I must add that, I use wooden cutting bord and also must 
add that I immediately wipe clean after cutting meats and wash it with soap and water, scrubbing real good.
Then I dry it well and soak it wit vinegar and let it sit and dry up. This way my board smells fresh and clean, naturally.

Also, from time to time, I scrape my bord in order to get rid of the worn out layer. 
when using for non-meat choping , I just rinse it wit tap water and wipe it clean( no soap or chlorin or vinega ).
perhaps, it would be better to use a non-wood cutting board for meat and disinect it with chlorin or put it in 
dishwasher.

Anyway, thanks alot. Of course my point was about 
getting rid of molds off of gourds, used as a water bottle.

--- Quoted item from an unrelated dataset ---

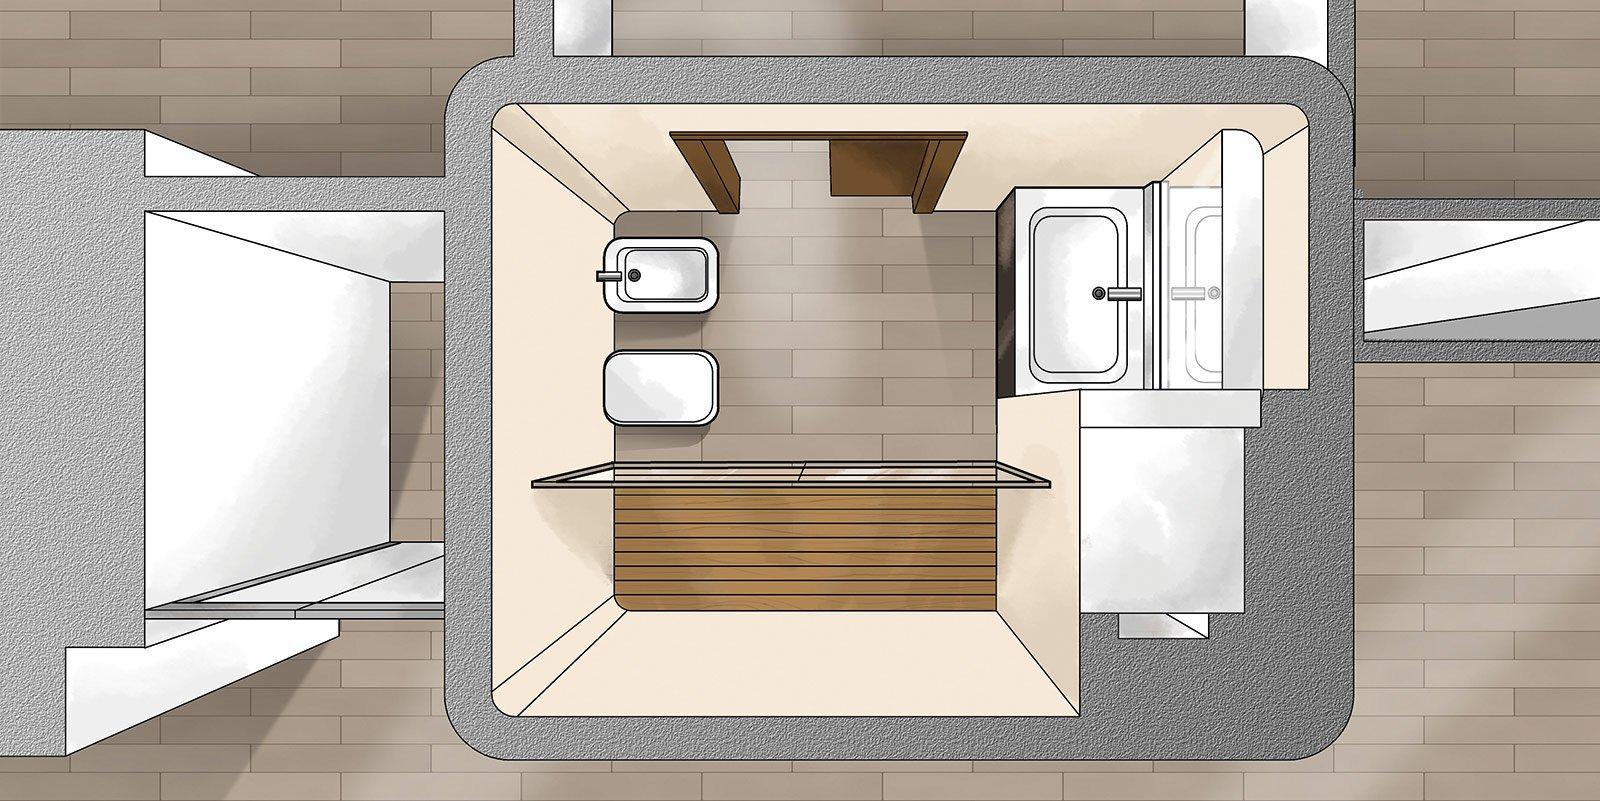 Suddivisioni ottimizzate per la casa di meno di 100 mq - Dimensioni water piccolo ...

This year, hopefully I will harvest some bottle gourds and
no doubt I will use bleech solution ( 1:10). I am sure it is 
much more effective than vinegar. It doe not matter if you 
are using gourds for decorative painting, carving  or burning.
Gourdon

----------


## Rick

If you use soap and water, you should be fine. I just saw the post on the cutting board and vinegar and a red flag went off. 

You said some of the gourds were slow growth. Does that package indicate number of days to harvest? That should give you some idea of how well they are doing. 

I always store my partially used seed packets in the refrigerator to use again next year. They stay viable for a few years by doing that. Packages that I empty, I generally write the date of planting on it and store it as well. That way I can always go back and check the info if I need to.

----------


## gourdon

> If you use soap and water, you should be fine. I just saw the post on the cutting board and vinegar and a red flag went off. 
> 
> You said some of the gourds were slow growth. Does that package indicate number of days to harvest? That should give you some idea of how well they are doing. 
> 
> I always store my partially used seed packets in the refrigerator to use again next year. They stay viable for a few years by doing that. Packages that I empty, I generally write the date of planting on it and store it as well. That way I can always go back and check the info if I need to.


Thanks Rick
You are more systemaic and well organized than I am.
I bought the seeds from ACE Hardware store. I did not keep
the package but I remember that the seeds were supposed to be mixed.
So far I have just one bottle gourd plant. the rest of them are
other kind with yellow flowers. I have noticed some female
flowers growing. These gourd are yellow, pear shaped, 
as it can be detected at the base of female flowers.
I do not care too much about those small colorful gourds.
I have fun with bottle gourds. If all goes well till harvest,
So far I have 12 to 15 gourds (maybe more) . I have produecd all of them by hand pollination myself. When I get close to 20 bottle gourds, I will stop pollination. I want
the plant concentrate on those babies. I will also  start pinching off all and any new shoots and growth. This way I may be able to get
bigger bottle gourds , fully matured and hardened.

gourdon

----------


## Rick

I found this on the net. Perhaps it is some help. Days to maturity: 

Hardshell varieties require 110 - 130 days. Ornamental types need about 90 to 100 days.

----------


## gourdon

> I found this on the net. Perhaps it is some help. Days to maturity: 
> 
> Hardshell varieties require 110 - 130 days. Ornamental types need about 90 to 100 days.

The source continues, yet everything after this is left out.